Dataset entries:
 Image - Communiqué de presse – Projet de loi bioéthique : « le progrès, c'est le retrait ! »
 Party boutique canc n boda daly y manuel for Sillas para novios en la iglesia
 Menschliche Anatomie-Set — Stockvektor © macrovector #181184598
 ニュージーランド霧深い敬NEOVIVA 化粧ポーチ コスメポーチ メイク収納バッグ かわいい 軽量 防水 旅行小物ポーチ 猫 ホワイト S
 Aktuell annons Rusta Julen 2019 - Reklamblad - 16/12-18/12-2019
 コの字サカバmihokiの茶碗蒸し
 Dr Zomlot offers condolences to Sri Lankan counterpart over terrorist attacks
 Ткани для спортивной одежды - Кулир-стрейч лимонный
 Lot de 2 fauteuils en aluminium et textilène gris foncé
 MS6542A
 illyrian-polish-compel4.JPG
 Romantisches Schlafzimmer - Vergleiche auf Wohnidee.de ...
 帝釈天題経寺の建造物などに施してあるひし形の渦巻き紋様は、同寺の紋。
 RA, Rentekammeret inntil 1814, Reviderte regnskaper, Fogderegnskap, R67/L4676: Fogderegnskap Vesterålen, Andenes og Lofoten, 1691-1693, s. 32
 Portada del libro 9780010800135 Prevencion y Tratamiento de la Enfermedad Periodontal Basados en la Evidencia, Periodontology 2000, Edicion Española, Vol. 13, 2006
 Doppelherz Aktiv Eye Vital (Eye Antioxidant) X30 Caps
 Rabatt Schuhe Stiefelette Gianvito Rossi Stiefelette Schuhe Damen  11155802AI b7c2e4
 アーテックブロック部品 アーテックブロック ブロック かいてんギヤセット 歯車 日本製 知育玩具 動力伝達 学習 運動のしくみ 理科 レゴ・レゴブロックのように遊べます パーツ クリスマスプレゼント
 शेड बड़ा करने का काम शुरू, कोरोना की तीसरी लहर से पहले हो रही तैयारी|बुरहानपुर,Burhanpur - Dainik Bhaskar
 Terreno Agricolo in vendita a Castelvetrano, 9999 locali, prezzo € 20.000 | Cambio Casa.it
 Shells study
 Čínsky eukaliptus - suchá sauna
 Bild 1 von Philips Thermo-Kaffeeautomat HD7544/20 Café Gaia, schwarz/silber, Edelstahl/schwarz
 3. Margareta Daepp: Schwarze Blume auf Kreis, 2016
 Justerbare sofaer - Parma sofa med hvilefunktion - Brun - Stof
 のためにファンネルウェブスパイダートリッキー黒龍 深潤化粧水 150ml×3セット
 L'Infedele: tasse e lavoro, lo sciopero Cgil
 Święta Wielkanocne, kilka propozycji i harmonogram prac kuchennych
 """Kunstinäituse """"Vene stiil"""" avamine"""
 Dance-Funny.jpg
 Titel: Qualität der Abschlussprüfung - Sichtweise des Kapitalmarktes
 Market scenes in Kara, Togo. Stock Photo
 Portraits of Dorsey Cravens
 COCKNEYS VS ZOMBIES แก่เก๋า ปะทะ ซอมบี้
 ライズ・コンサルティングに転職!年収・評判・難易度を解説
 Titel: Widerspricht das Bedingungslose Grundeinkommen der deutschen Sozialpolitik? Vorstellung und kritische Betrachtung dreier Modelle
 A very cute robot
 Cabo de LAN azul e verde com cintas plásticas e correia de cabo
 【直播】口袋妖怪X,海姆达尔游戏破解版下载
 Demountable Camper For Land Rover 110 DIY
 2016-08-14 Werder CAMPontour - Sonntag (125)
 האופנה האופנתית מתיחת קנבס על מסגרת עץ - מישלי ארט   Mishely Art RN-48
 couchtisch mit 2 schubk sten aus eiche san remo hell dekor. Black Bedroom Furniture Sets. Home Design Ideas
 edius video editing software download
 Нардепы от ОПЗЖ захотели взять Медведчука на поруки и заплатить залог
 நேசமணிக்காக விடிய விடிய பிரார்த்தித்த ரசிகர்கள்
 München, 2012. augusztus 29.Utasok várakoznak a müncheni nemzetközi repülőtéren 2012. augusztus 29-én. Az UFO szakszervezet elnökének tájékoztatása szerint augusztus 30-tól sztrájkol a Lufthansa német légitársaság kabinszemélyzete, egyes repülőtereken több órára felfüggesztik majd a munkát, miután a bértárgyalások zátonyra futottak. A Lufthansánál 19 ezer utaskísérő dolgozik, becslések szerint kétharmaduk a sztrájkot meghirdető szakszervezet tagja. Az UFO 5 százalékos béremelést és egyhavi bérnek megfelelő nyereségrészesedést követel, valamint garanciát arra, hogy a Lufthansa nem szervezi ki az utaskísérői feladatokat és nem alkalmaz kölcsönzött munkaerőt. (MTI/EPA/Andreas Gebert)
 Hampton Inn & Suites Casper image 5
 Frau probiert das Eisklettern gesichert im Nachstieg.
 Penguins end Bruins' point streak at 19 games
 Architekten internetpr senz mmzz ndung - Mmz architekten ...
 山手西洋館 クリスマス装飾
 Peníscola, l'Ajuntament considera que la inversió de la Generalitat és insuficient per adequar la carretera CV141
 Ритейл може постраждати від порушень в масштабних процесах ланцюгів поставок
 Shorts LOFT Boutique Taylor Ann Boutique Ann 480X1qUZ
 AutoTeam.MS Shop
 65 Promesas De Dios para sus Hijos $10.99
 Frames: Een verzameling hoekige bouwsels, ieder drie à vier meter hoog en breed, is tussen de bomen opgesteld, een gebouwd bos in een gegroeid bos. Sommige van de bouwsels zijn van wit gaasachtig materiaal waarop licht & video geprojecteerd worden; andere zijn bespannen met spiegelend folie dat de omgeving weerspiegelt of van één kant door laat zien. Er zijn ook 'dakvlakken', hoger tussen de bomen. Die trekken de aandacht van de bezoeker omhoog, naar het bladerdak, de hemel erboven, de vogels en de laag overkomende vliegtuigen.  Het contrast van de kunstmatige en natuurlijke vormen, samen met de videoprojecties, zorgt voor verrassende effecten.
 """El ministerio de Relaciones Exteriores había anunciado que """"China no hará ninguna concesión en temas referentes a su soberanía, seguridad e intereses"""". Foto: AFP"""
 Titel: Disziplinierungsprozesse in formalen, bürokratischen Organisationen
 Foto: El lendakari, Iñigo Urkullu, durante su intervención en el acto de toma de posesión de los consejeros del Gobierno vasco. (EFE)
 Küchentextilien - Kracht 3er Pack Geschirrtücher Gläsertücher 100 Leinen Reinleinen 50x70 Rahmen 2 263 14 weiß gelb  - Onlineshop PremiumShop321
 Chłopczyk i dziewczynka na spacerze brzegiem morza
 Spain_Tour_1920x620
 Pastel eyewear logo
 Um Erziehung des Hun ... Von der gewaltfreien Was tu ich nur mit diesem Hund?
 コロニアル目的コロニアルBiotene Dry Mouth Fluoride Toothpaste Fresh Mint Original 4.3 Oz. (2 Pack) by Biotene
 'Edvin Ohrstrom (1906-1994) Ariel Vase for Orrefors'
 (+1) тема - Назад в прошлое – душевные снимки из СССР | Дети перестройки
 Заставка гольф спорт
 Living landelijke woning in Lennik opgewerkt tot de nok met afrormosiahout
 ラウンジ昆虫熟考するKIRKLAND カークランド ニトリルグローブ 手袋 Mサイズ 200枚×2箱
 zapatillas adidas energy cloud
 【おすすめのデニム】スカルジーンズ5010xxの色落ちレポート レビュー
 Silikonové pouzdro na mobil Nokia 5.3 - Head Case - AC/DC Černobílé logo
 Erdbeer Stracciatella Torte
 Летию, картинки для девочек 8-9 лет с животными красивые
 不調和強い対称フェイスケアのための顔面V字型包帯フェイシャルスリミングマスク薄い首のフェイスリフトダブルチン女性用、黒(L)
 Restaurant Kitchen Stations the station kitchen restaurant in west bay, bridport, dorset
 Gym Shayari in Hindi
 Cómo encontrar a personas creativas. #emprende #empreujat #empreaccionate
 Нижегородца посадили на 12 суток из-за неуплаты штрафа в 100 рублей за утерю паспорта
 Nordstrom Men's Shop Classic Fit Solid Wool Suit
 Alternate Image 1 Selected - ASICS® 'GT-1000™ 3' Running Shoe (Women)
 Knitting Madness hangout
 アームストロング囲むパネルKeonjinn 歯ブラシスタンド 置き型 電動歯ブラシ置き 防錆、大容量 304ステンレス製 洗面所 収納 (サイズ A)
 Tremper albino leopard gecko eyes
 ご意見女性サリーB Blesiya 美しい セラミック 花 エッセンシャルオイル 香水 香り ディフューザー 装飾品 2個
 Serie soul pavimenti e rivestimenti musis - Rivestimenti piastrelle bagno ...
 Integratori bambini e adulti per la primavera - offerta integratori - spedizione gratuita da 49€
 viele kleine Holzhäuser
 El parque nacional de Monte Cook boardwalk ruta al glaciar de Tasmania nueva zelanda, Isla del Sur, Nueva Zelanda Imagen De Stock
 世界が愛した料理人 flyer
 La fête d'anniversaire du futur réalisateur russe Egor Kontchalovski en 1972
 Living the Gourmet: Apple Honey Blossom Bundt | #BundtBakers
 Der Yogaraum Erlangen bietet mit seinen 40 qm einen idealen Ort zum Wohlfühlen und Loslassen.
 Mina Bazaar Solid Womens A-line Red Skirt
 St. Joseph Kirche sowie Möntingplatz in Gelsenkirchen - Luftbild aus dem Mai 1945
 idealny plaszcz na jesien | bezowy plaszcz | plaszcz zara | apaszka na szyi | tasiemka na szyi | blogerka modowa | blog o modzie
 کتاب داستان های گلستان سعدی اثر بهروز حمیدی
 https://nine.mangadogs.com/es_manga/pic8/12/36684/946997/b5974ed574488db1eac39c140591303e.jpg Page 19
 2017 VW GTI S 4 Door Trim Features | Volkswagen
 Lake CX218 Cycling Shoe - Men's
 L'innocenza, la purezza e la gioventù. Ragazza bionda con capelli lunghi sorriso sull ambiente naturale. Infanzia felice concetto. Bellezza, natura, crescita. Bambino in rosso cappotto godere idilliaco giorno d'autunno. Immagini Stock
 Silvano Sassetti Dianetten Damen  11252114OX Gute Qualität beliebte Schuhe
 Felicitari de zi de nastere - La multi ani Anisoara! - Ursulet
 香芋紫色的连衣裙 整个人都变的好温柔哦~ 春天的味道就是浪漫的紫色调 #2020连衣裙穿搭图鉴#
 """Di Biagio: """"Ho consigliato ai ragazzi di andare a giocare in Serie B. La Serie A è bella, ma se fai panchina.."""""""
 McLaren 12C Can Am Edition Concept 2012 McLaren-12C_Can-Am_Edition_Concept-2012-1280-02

EXERCISE AIM: Print exactly the lines above from the one with "Mina Bazaar Solid Womens A-line Red Skirt" to the one with "idealny plaszcz na", including both.

OUTPUT OF THE EXERCISE:
 Mina Bazaar Solid Womens A-line Red Skirt
 St. Joseph Kirche sowie Möntingplatz in Gelsenkirchen - Luftbild aus dem Mai 1945
 idealny plaszcz na jesien | bezowy plaszcz | plaszcz zara | apaszka na szyi | tasiemka na szyi | blogerka modowa | blog o modzie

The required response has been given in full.